A friend of mine from South America came by recently and over conversation we were talking about coffee. He made an interesting comment that Chile, his country" had "no coffee culture".
The vast majority of Chileans consume instant coffee, he even called Chile "World Champions of Nescafe", but at the same time a small number of people had always enjoyed "good coffee". Chile grows no coffee, but Colombia, for example, is very close and therefore this "good" coffee is cheap. Although people do enjoy it, he felt that they had no common understanding of it, and simply did not think much about it. Therefore, no coffee culture existed.
That is changing. Not because connoiseurs have discovered the great product on their doorstep, but because Starbucks has "landed" (to use his word). Starbucks may have a bland and unexciting coffee offering, but it is using its marketing muscle to create the coffee culture and hopefully this will raise the general standard of coffee in Chile, hopefully setting more people on the road to disovering the better alternatives there to be tasted.
The same could be said for pizza in the UK. Once we had no concept of pizza, then Pizza Hut arrived and it was a revelation for most. Of course, 30+ years later they are no longer fashionable, but they created the market for the stonebaked, wood fired, thin crust and unique pizzas of today's restaurant and take away market.
What has this to do with wine? Well, I can't quite decide whether we will eventually emerge, pizza style, from the standardised wine offerings of the supermarkets, but we have certainly benefited from the fact that wine "landed" in the supermarkets not that many years ago.

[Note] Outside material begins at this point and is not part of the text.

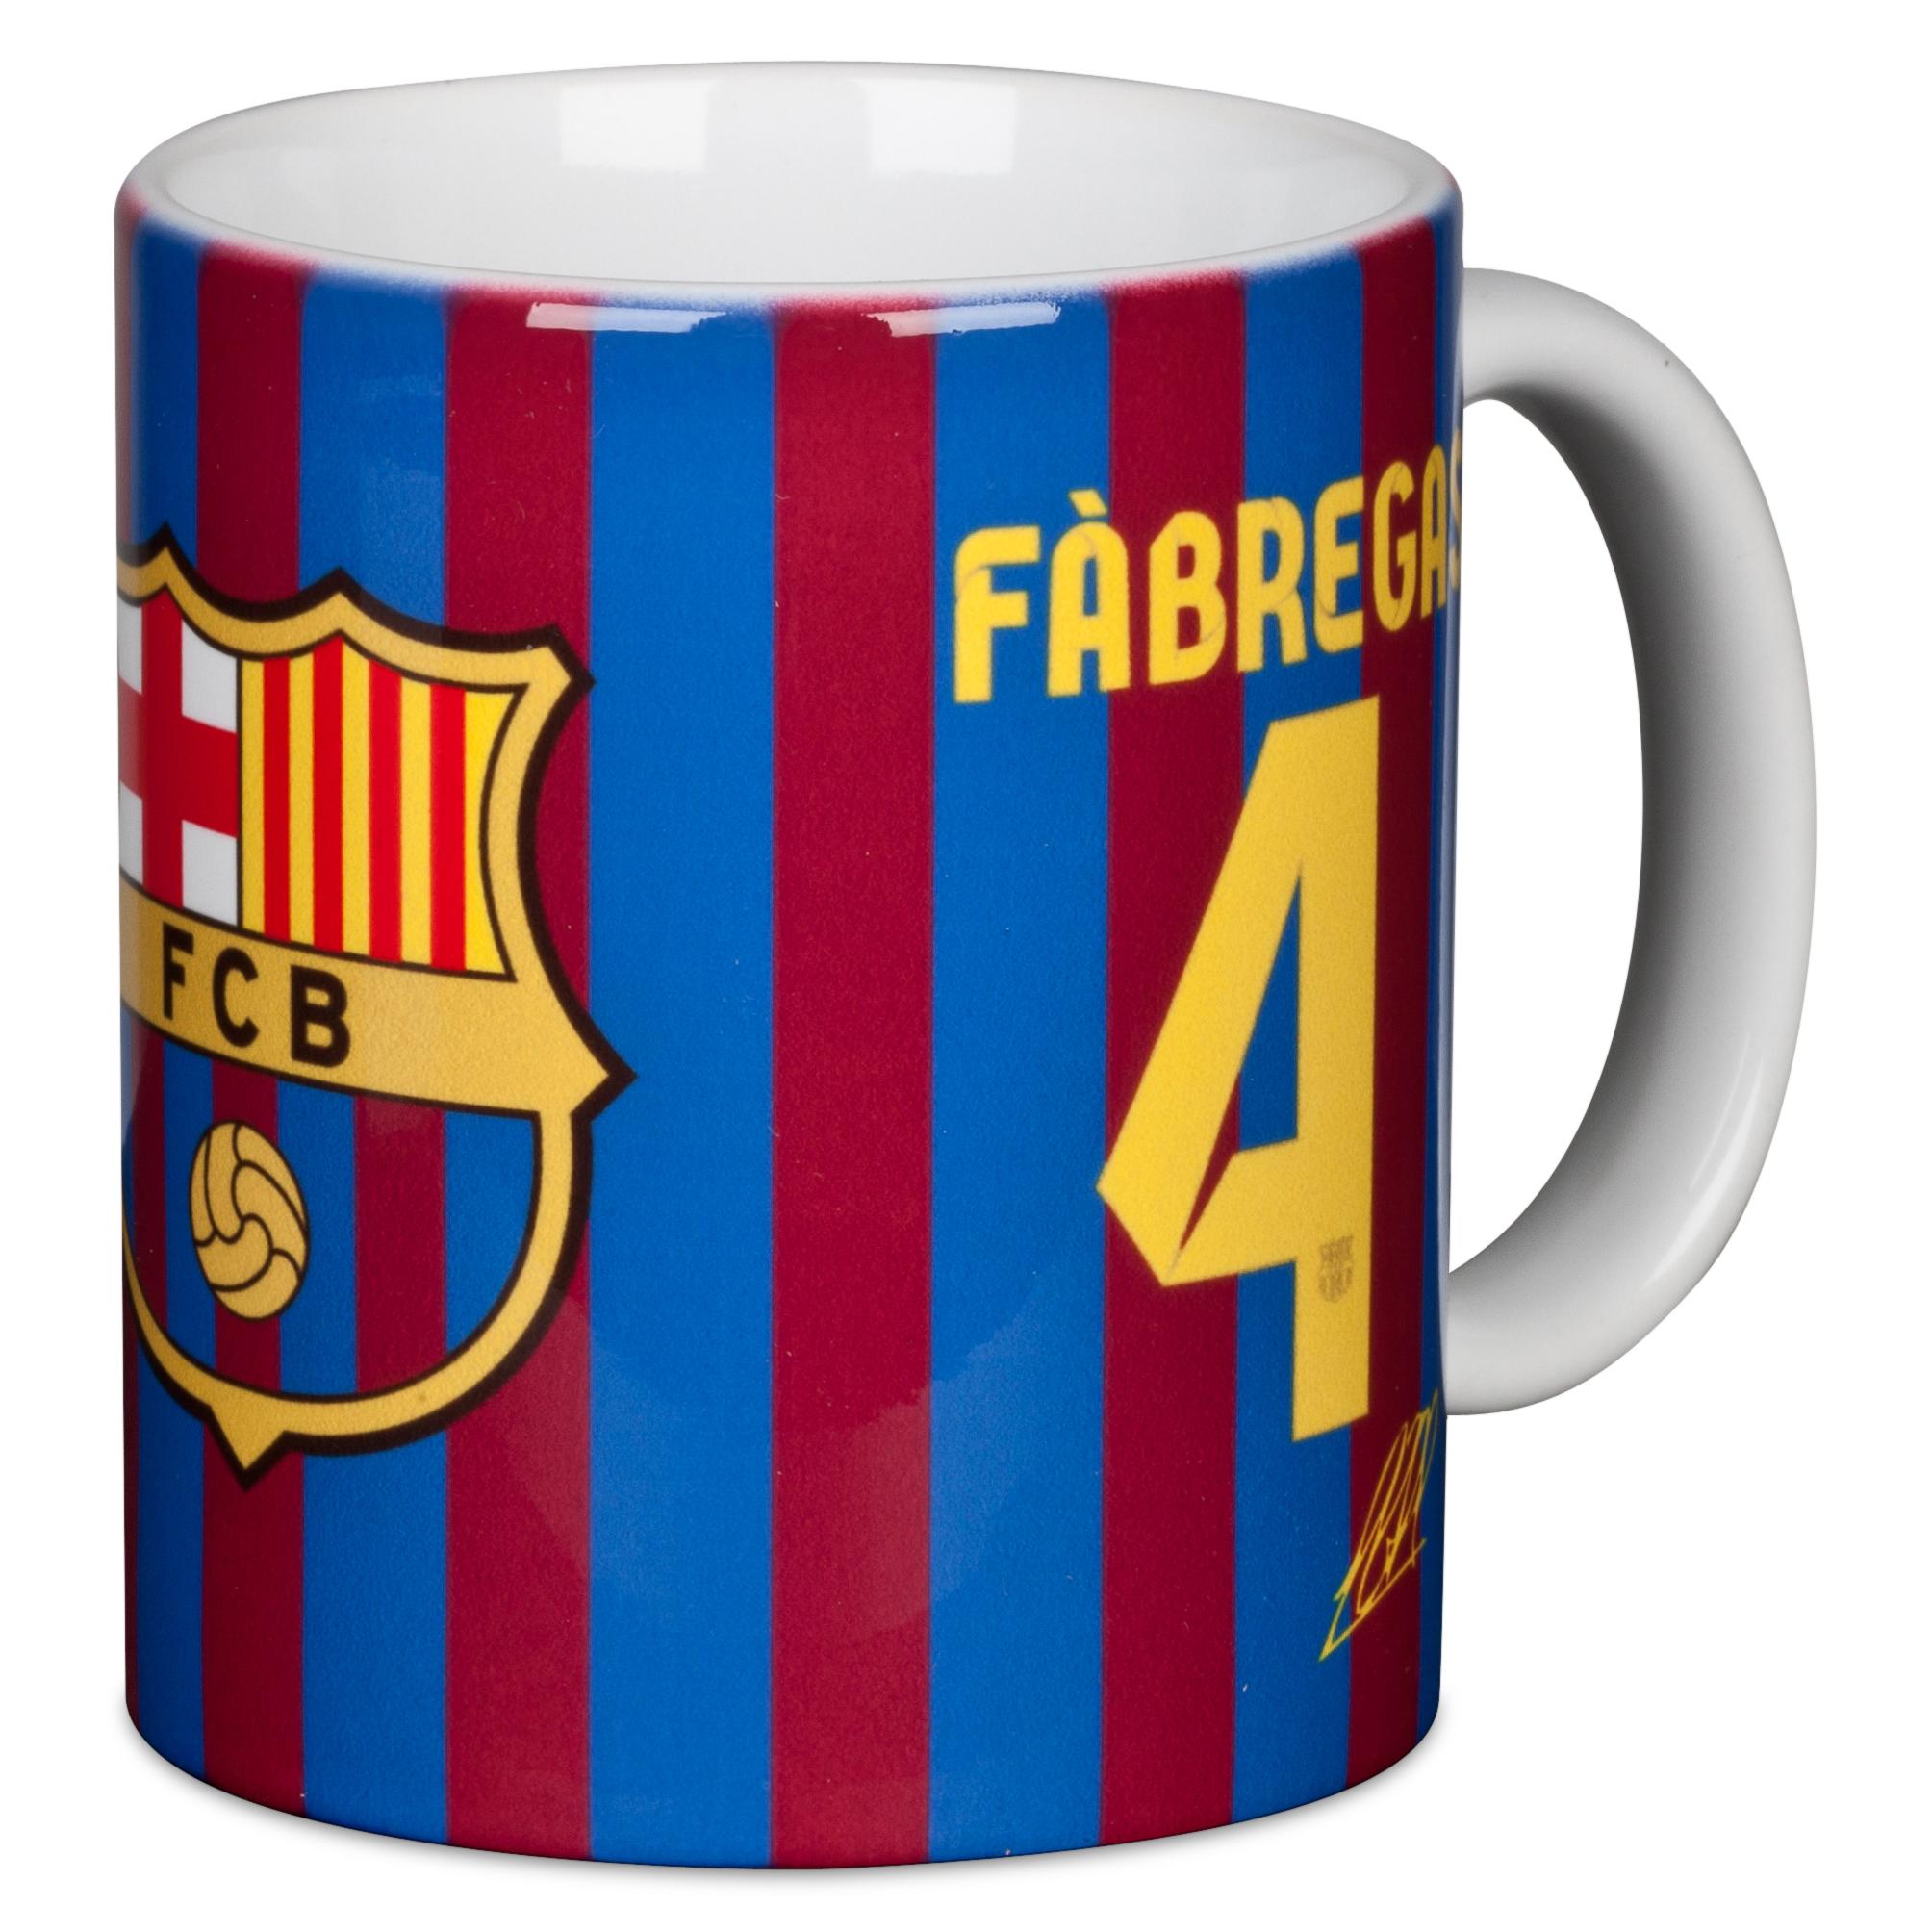 Barcelona 2012/13 Fabregas Mug
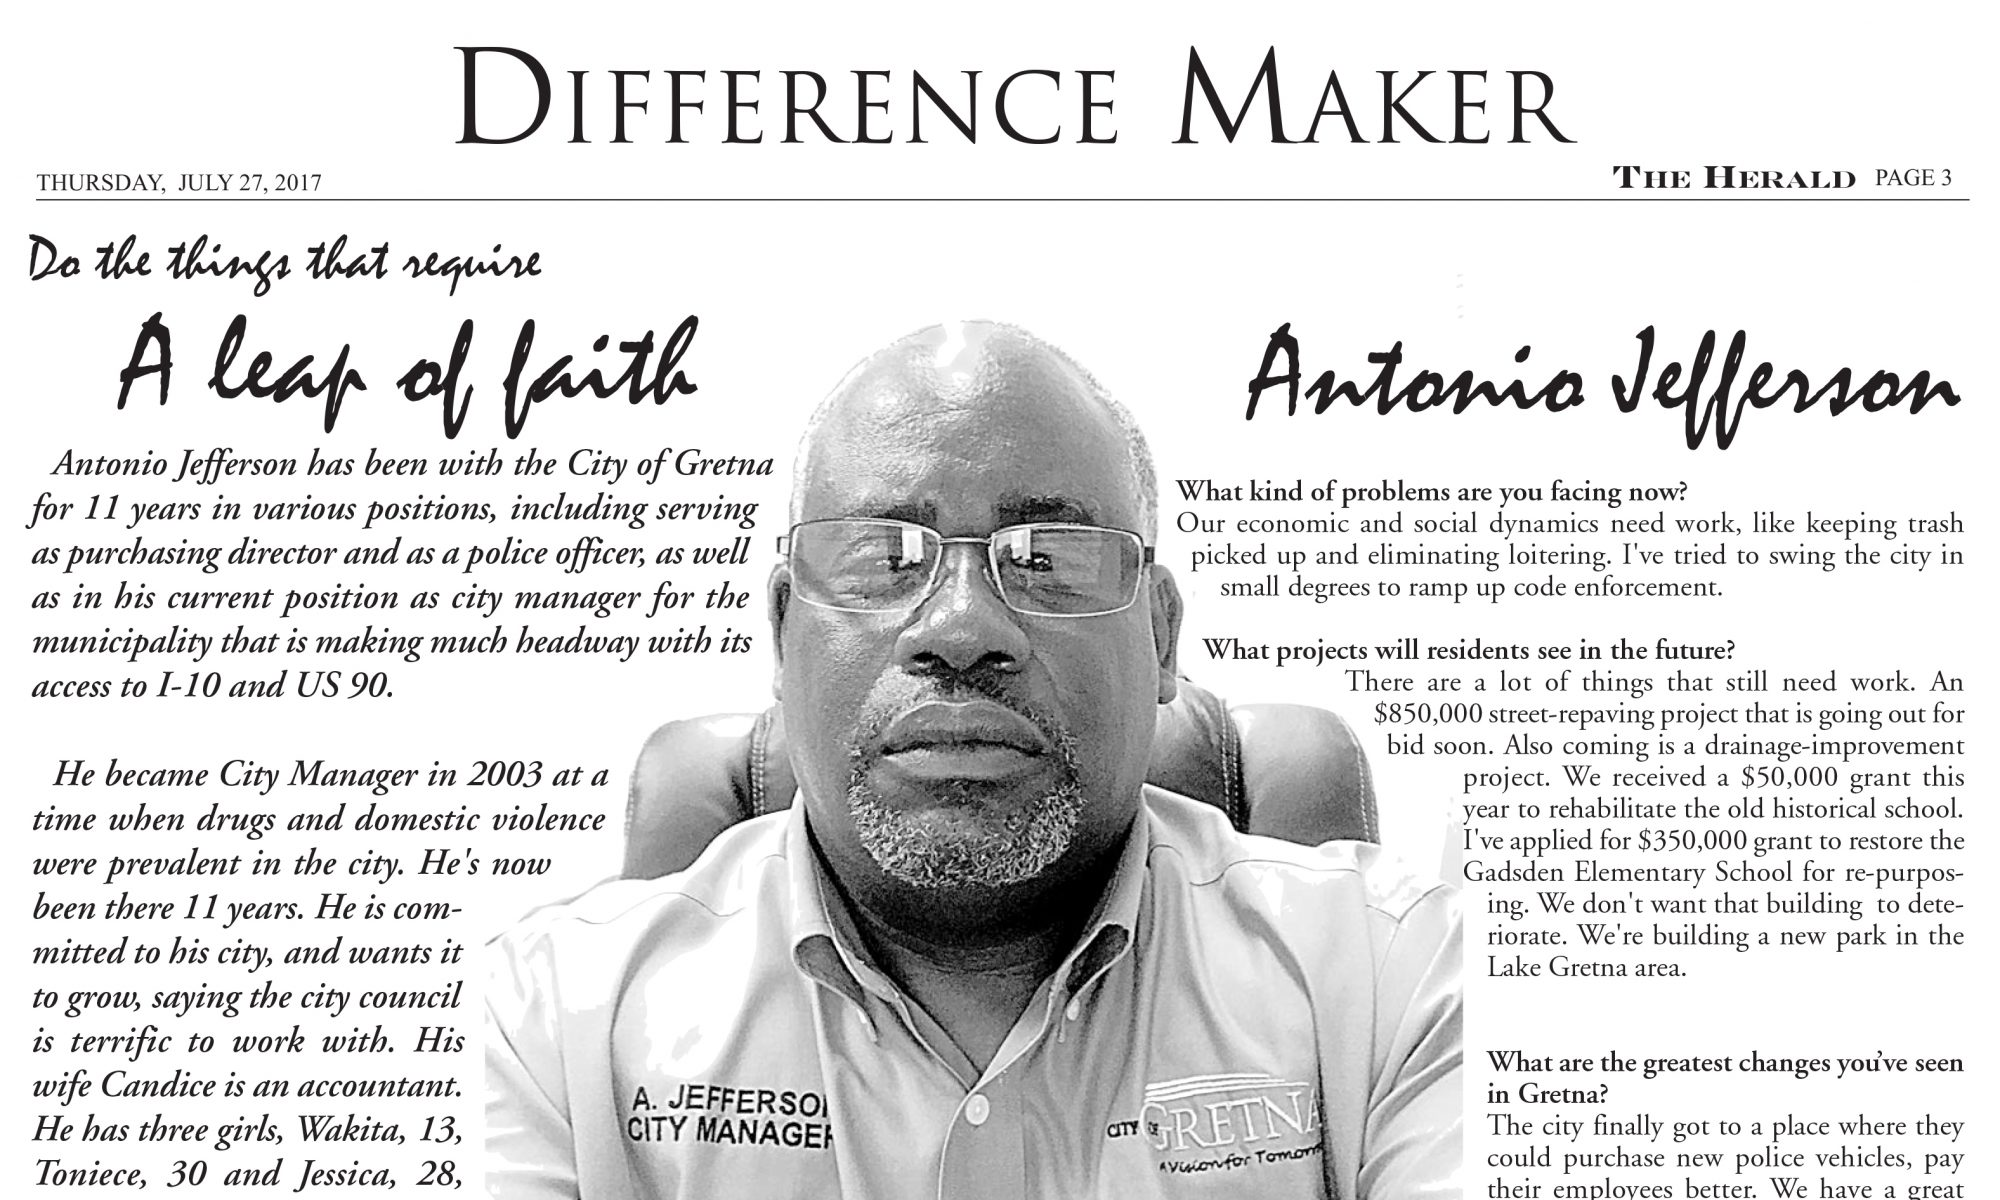 Difference Maker Antonio Jefferson

It may seem depressing to the true wine lover with extensive knowledge of wines from around the world, but arguably we do not yet have a true wine culture in the UK where wine itself is the reason people get together. Whilst we might get together "for a coffee" or "have a pint with mates", we have yet to gather "for a carafe". What we have yet to create are wine environments that are focused on a specifically wine culture, but I am sure they will happen, and when they do, people will demand different, better and unique wines and THEN we can sit, back, order our organic thin crust quatro stagioni and enjoy our glass of wine.